I do that,but when season goes out.I'm looking for something to do.


----------



## david w. (Aug 8, 2010)

apoint said:


> How about wood turning?



wow,that looks great!Looks hard to do.


----------



## david w. (Aug 8, 2010)

I think i am going to try,Knapping flint, glass, & obsidian,just for me to start with something.


----------



## ccookou812 (Aug 8, 2010)

Wood turning isn't hard at all and you get to see some beautiful wood while you are turning.


----------



## Paymaster (Aug 8, 2010)

Fly tyin is a good hobby,but not as cheap as some others.


----------



## boneboy96 (Aug 9, 2010)

Collecting empty beer cans and making your own pyramid.   Of course you need to start off with cans that are full and empty them yourself.


----------



## apoint (Aug 10, 2010)

david13 said:


> wow,that looks great!Looks hard to do.



Wood turning is not hard to do but it is a learning experience.  Plus you can do it year round.  
 makes great gift's or you can sell them. I just made $140 from 2 bowl. Your legacy lives on in your work.

    Oh yea, if you knap arrowheads, wear a resperator. The micron's of rock or glass dust can be inhaled... Not good.
     This is a picture of some real artifacts Iv found, minus the stag knives and handle on the tomahawk.


----------



## badkarma (Aug 11, 2010)

You mentioned lure making.  The cost involved will depend on what type you make (jigs, soft plastics, cranks...).  Jigs are probably the cheapest to make.


----------



## jglenn (Aug 11, 2010)

if you fish then think about making your own custom rods


fairly easy to learn. Several  books out there.


can be as expensive or inexpensive as you care to make it


----------



## david w. (Aug 11, 2010)

jglenn said:


> if you fish then think about making your own custom rods
> 
> 
> fairly easy to learn. Several  books out there.
> ...



I've never  thought of that.I would like to give that a try.


----------



## david w. (Aug 11, 2010)

badkarma said:


> You mentioned lure making.  The cost involved will depend on what type you make (jigs, soft plastics, cranks...).  Jigs are probably the cheapest to make.



Thanks for the tip.


----------



## david w. (Aug 11, 2010)

boneboy96 said:


> Collecting empty beer cans and making your own pyramid.   Of course you need to start off with cans that are full and empty them yourself.



You wanna help boneboy?


----------



## david w. (Aug 11, 2010)

Paymaster said:


> Fly tyin is a good hobby,but not as cheap as some others.
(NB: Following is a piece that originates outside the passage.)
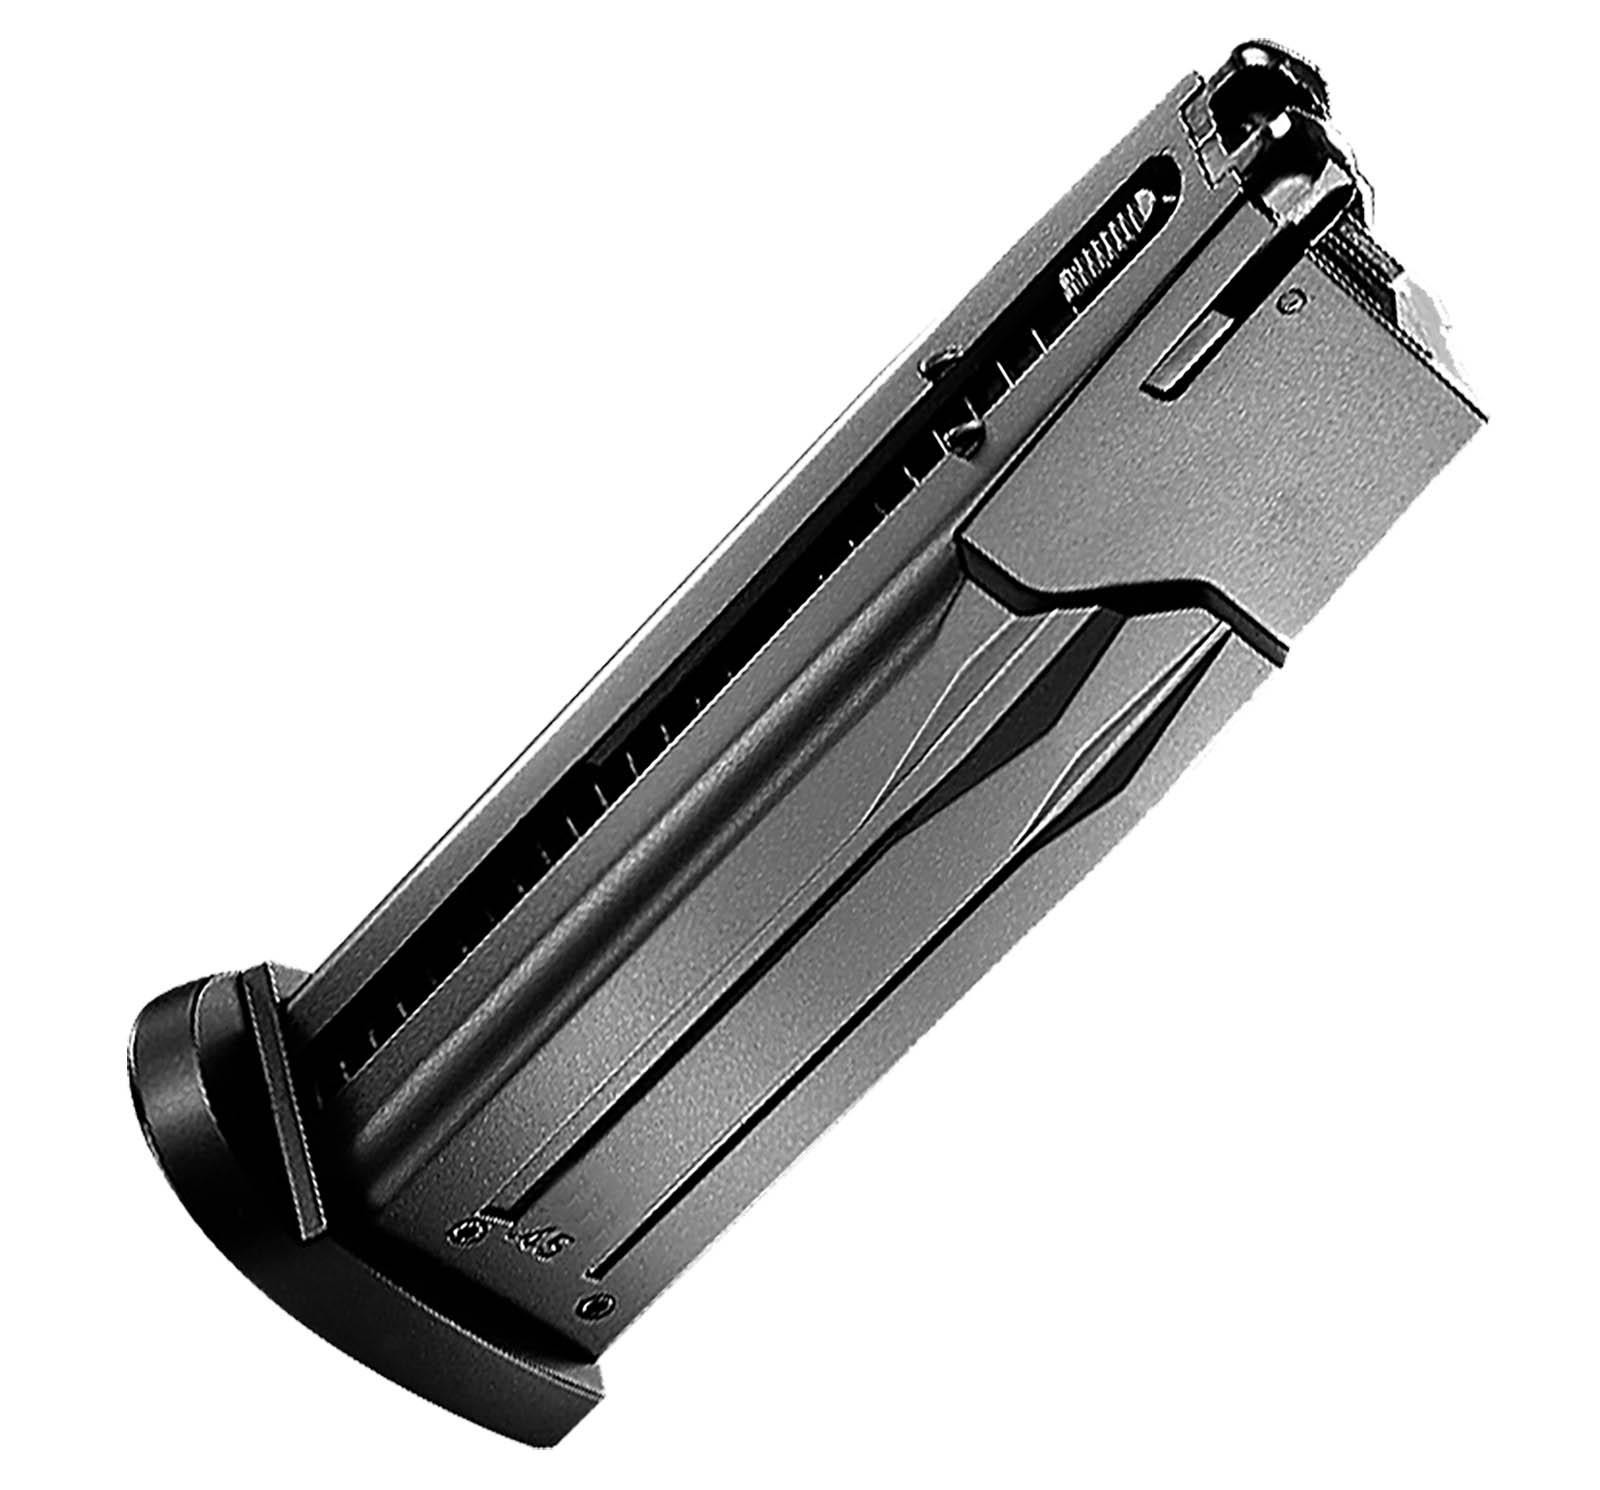 Pistolet 6mm tm capa 5.1 gov gaz

I've seen some of yours,Great work paymaster.


----------



## david w. (Aug 11, 2010)

apoint said:


> Wood turning is not hard to do but it is a learning experience.  Plus you can do it year round.
> makes great gift's or you can sell them. I just made $140 from 2 bowl. Your legacy lives on in your work.
> 
> Oh yea, if you knap arrowheads, wear a resperator. The micron's of rock or glass dust can be inhaled... Not good.
> This is a picture of some real artifacts Iv found, minus the stag knives and handle on the tomahawk.



Okay i will keep that in mind.Thanks


----------



## Paymaster (Aug 11, 2010)

david13 said:


> I've seen some of yours,Great work paymaster.




Thank you.


----------



## Forced Entry (Aug 11, 2010)

Stitching hemp is cheap and the girls love it!!!


----------



## Wahoo Creek (Aug 11, 2010)

Slingshots.

Cheap and easy to make.  Get to learn the types of wood and how they work.  Give it to a kid when you're finished and get your reward - - big ol' smile.


----------



## boneboy96 (Aug 11, 2010)

david13 said:


> You wanna help boneboy?



Heck yeah David...I'm there for ya brother!


----------



## david w. (Aug 11, 2010)

boneboy96 said:


> Heck yeah David...I'm there for ya brother!


----------



## Hooked On Quack (Aug 11, 2010)

Stawkin is my hobby and it is very rewarding . . .


----------



## boneboy96 (Aug 11, 2010)

Hooked On Quack said:


> Stawkin is my hobby and it is very rewarding . . .



Your post is USELESS without pics!


----------



## david w. (Aug 11, 2010)

Hooked On Quack said:


> Stawkin is my hobby and it is very rewarding . . .



What do i do when i get caught?

I need a escape plan.


----------



## Bkeepr (Aug 11, 2010)

I would like to learn to pan for gold, that is on my to-do list.


----------



## 35 Whelen (Aug 11, 2010)

Try vegetable gardening, keeps you busy and it rewards you with plenty of good eating!


----------



## Old Winchesters (Aug 11, 2010)

honeybees


----------



## Hooked On Quack (Aug 12, 2010)

boneboy96 said:


> Your post is USELESS without pics!



You're trying to get me banded!!. . . 


Besides, you've seen da pics . . .





david13 said:


> What do i do when i get caught?
> 
> I need a escape plan.





The prufessional stawker DOES NOT get caught, mebe a glimpse of him/her, BUT NEVER caught, Stawkin 101.

Welcome to the classroom young fella!!


----------



## Woodscrew (Aug 12, 2010)

Start Whittling on some wood.


----------



## david w. (Aug 12, 2010)

Hooked On Quack said:


> You're trying to get me banded!!. . .
> 
> 
> Besides, you've seen da pics . . .
> ...




I have a lot to learn Ole wise one.


----------



## crokseti (Aug 13, 2010)

Whittlin is a cheap hobby, or, can be.
All you need is a sharp whittlin knife , 
a sharp hatchet, and some sharp lookin wood.
 I work with wild cherry, poplar, sasafrass, plum, etc.
that I find already felled.
 My wife and I both carve out spoons, forks, spatulas,
 pipes, bowls, ladles, incense holders, etc.
 We made all the christmas gifts last year and have sold enough stuff to get better tools and supplies for more projects.
 It's habbit forming.


----------